In our exercise, by determining the value of \( K \approx 55.6 \), we can conclude that at 298 K, the reaction heavily favors the formation of the products (\( \mathrm{HbCO} \) and \( \mathrm{O}_2 \)).

• A larger \( K \) value means the products are more stable.
• The previous calculations using \( \Delta G^{\circ} \) assure us that CO binding is indeed preferred over \( \mathrm{O}_2 \).

Gas Constant

The gas constant \( R \) is a vital component when linking thermodynamic properties, such as free energy, to chemical equilibrium. It's a universal constant applicable to a wide range of chemistry-related calculations.
In the formula \( \Delta G^{\circ} = -RT \ln K \), \( R \) acts as the proportionate factor that allows us to convert the energy terms into unit reactions of matter.

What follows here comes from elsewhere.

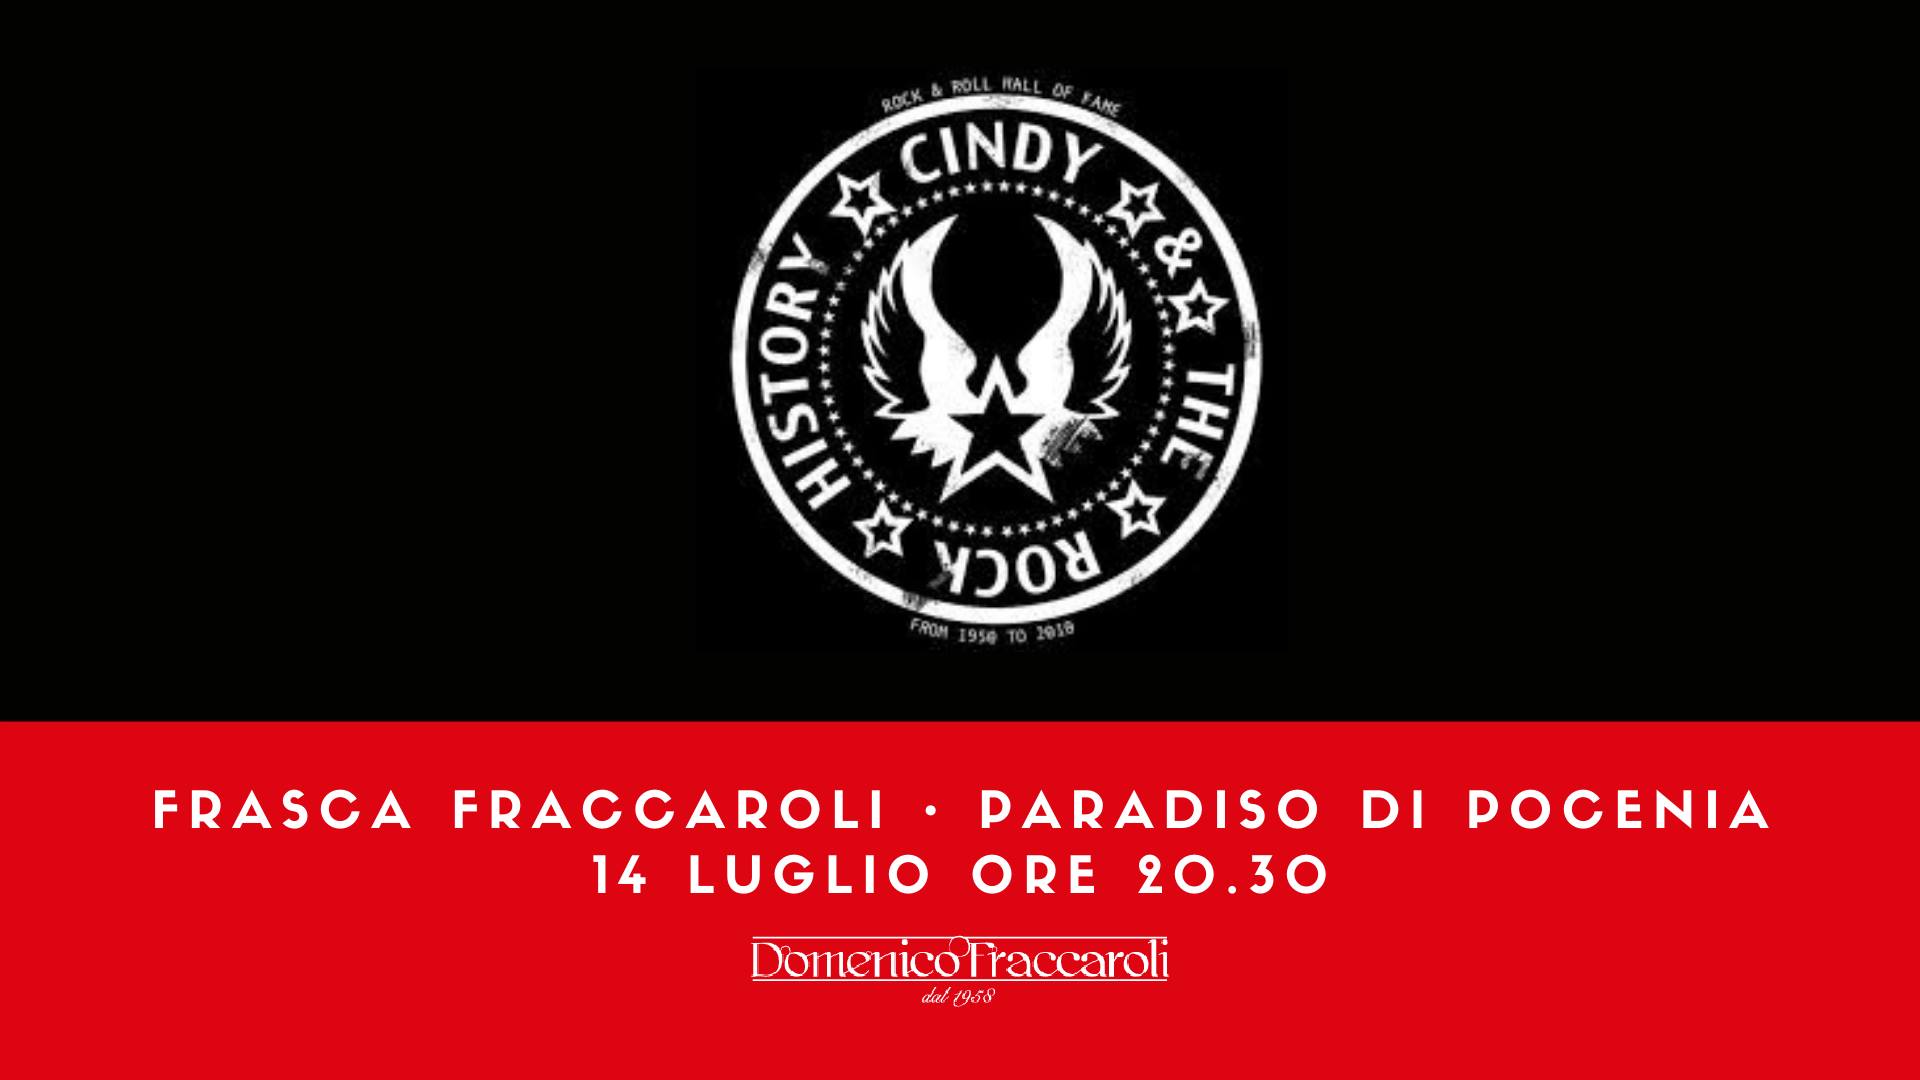 Cindy & The Rock History Live in Frasca Fraccaroli - EventiFVG.it

Its value is \( 8.314 \) J/mol·K, which reflects the energy per degree per mole.
Handling these calculations:

• Temperature: The constant is used with temperature in Kelvin, ensuring consistency and accuracy in thermodynamic equations.
• Equilibrium calculations: Multiplying \( R \) by temperature gives the energy scale reference needed to determine \( K \).

Our problem used \( R \) effectively to find \( K \approx 55.6 \), showing how critical standardized constants are in computing reaction properties.